Date Published: July 21, 2017
Publisher: JKL International LLC
Author(s): Saidan Ding, Jianjing Yang, Xueli Huang, Leping Liu, Jiangnan Hu, Zhu Xu, Qichuan Zhuge.
Minimal hepatic encephalopathy (MHE) is induced by elevated intracranial dopamine (DA). The relationship of the Shh pathway with memory loss in MHE, however, is elusive. In the current study, rats with MHE induced with DA displayed downregulation of the Shh pathway. Additionally, injection of Shh into MHE/DA-treated rats reversed downregulation of BDNF/NT3, whereas administration of cyclopamine (Cyc) enhanced the inhibition of expression of BDNF/NT3. Furthermore, naringin (Nrg) substantially prevented cognitive impairment in MHE/DA-treated rats and upregulated the Shh pathway, paralleling the elevated expression of BDNF/NT3. Overall, our results indicate that the Shh pathway can induce the expression of BDNF/NT3, and DA causes memory loss by inactivation of Shh pathway signaling to BDNF/NT3 in MHE rats, which is reversed by Nrg. Our study may provide new theory basis of pathogenesis and therapeutic target of MHE.
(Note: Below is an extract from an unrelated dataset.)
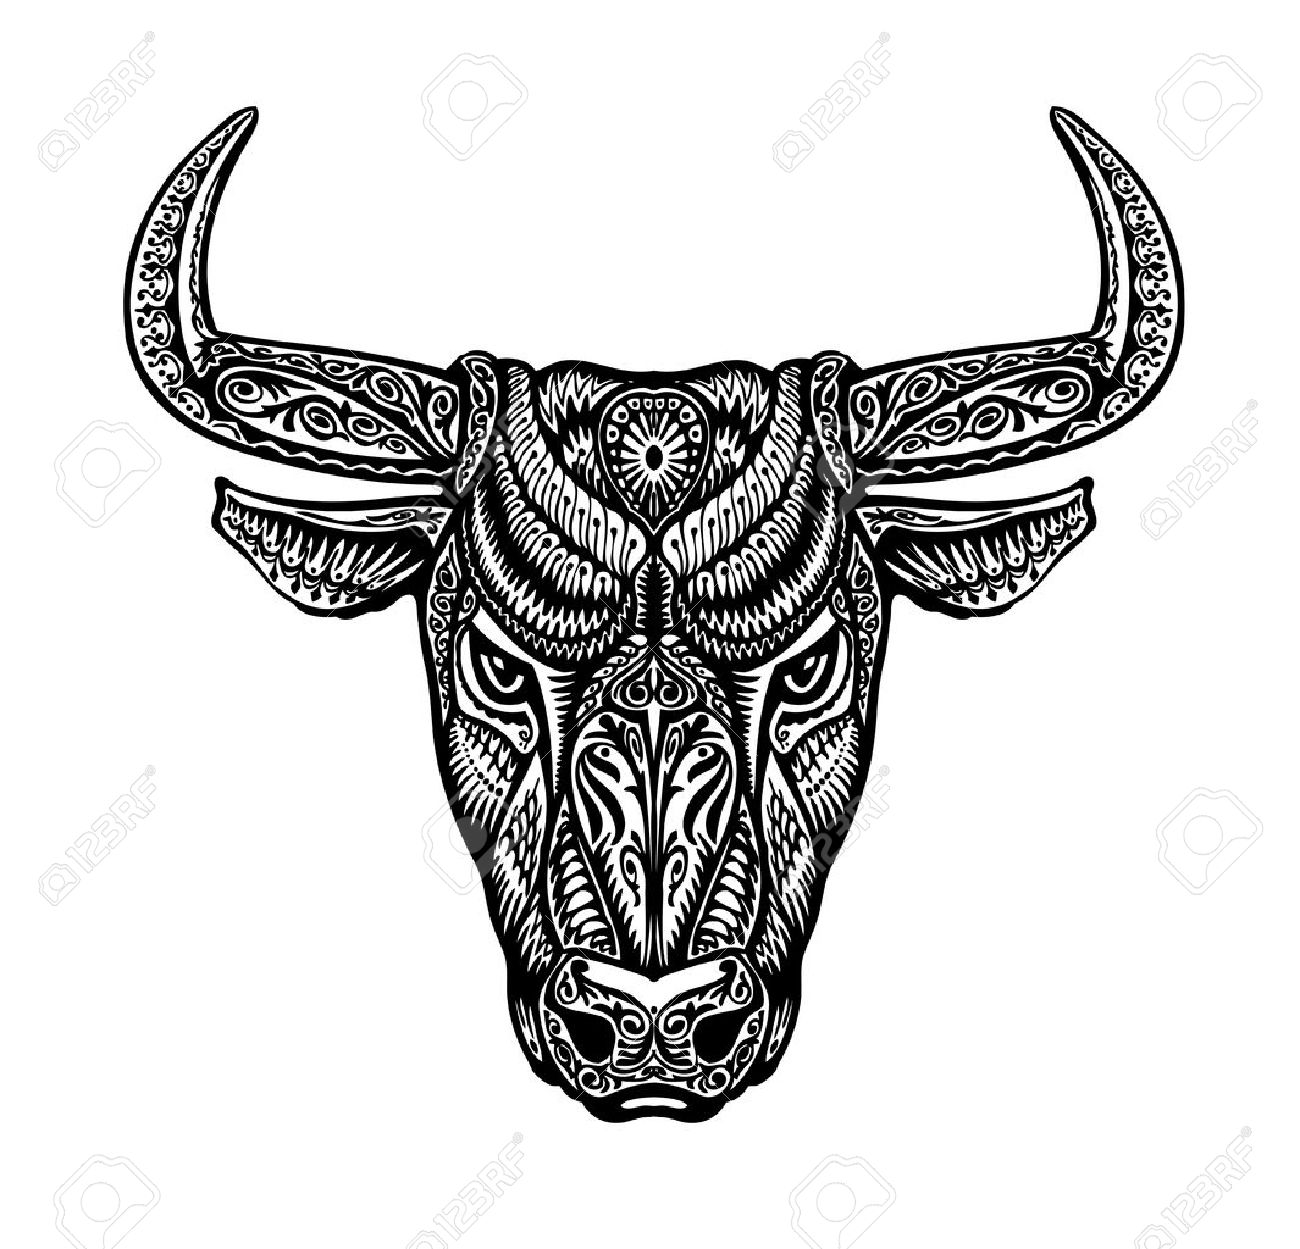 Bull Taurus Painted Tribal Ethnic Ornament Vector Illustration Stock

Currently, there is growing interest in the pathogenesis of MHE. We previously found that COMT inhibitor, a protein involved in accumulation of DA, was up-regulated in cirrhotic liver in MHE by 2-DE/MS; we then found increased levels of DA in cirrhotic liver and hippocampus in MHE rats . Our present study further confirmed that elevated DA in the brain from cirrhotic liver could induce the memory impairment of MHE. We here demonstrated that chronic stimulation of cortical astrocytes significantly reduced the expression of proteins in the Shh pathway in MHE rats. Thus, we have provided the first evidence suggesting that the Shh pathway may be important in the pathogenesis of memory impairment in MHE rats. One study found that dopamine agonists impair or have no effect on stimulus-response learning and working memory . Our study also indicated that increased dopamine impairs memory function. Furthermore, changes in DA levels in vivo and in vitro have been shown to regulate the expression of the Shh signaling cascade.